Nvidia’s Remarkable Journey: A Look at Its AI Dominance and Future Potential
In the past two years, Nvidia (NASDAQ: NVDA) has proven to be a lucrative investment, with shares skyrocketing 736%. This surge is largely attributed to its pivotal role in the growth of artificial intelligence (AI).
Strong Financial Performance Paves the Way for Future Growth
Nvidia’s impressive returns are backed by rapid increases in revenue and earnings, primarily due to its strong position in the AI chip market. Management’s recent comments during the earnings call suggest that the company is set to continue this upward trajectory over the next three years.
On November 20, Nvidia released its fiscal 2025 third-quarter results, reporting record revenue of $35.1 billion.
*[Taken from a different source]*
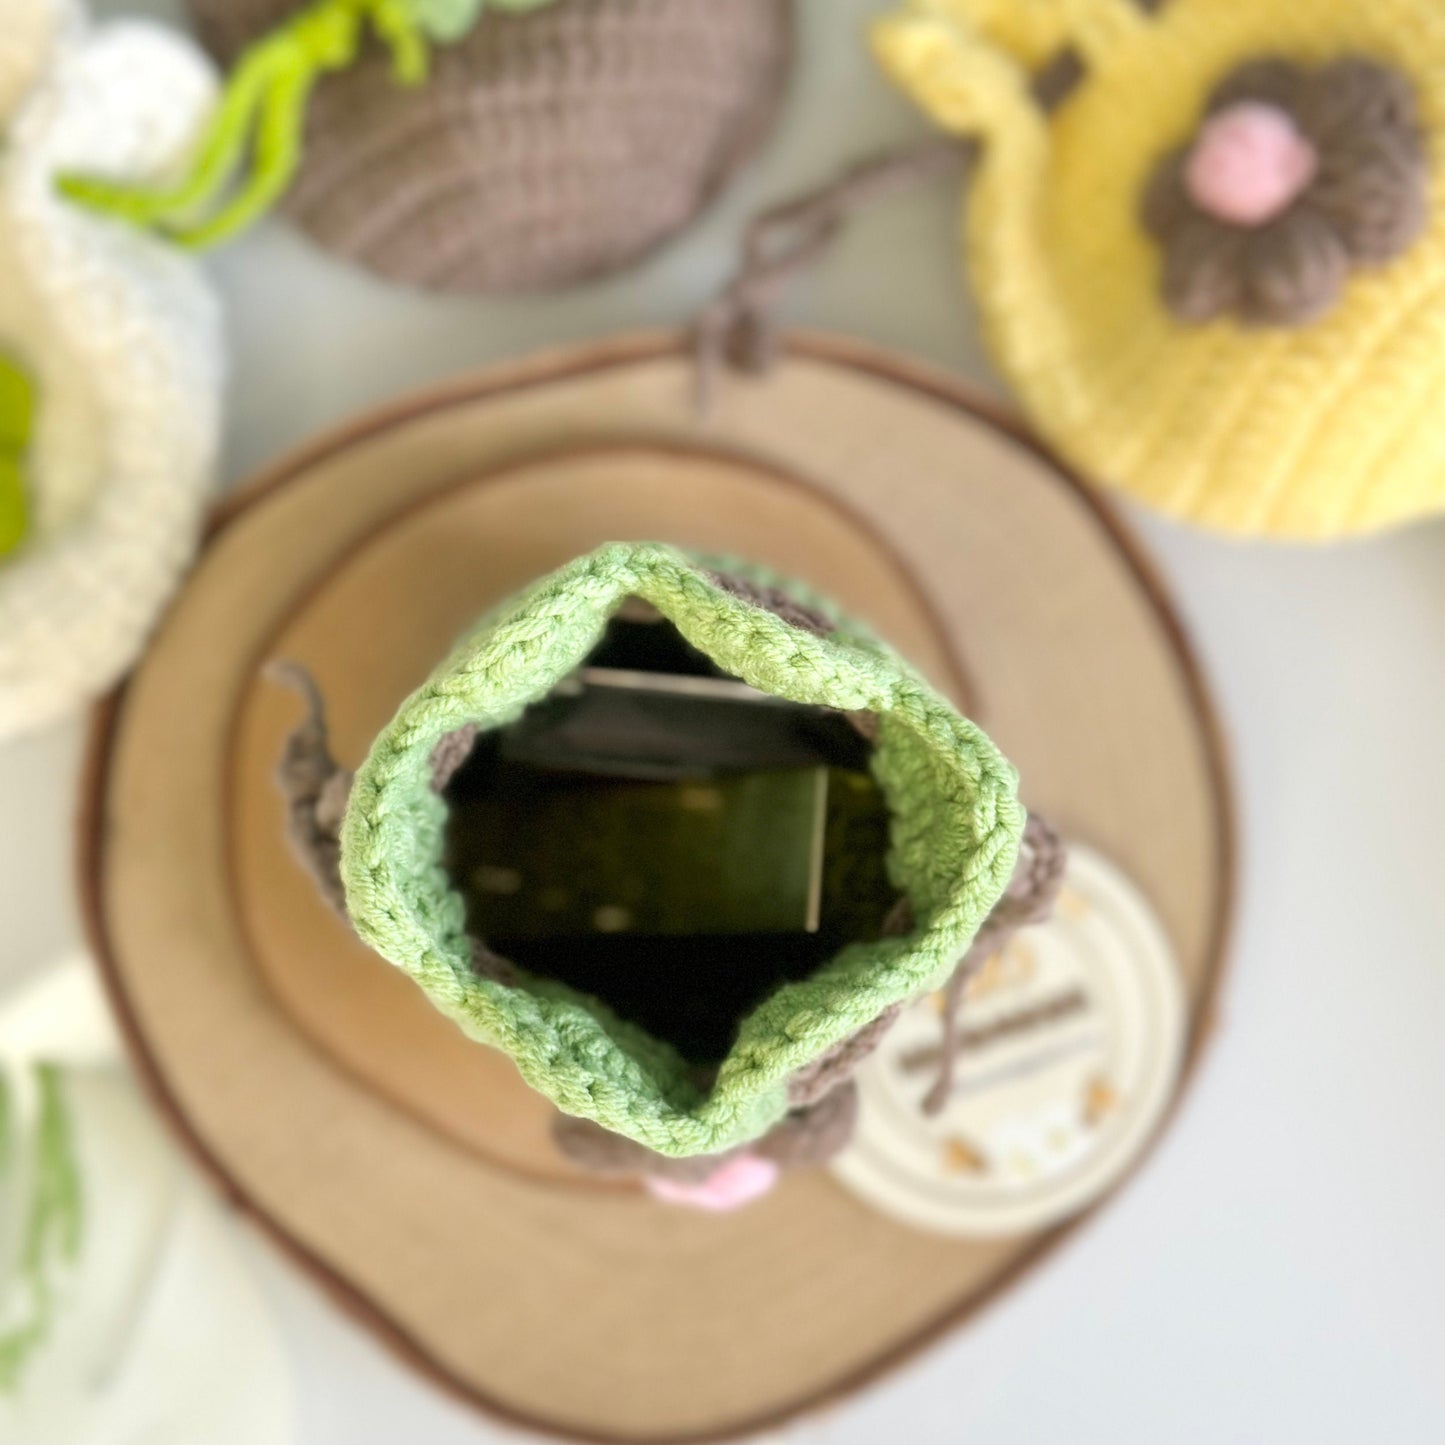 Rio Handmade Flower Pouch, Crochet Flower Pouch, Flower Purse, Cute Mini Coin Bag, Daily Pouch

This reflects a remarkable 94% increase year-over-year, largely driven by a 112% jump in data center revenue, reaching $30.8 billion.
The company had initially expected fiscal Q3 revenue to be around $32.5 billion, but it exceeded that estimate by ramping up production of its next-generation Blackwell processors. Nvidia reports “staggering demand” for these AI chips, prompting the need to “race to scale supply.”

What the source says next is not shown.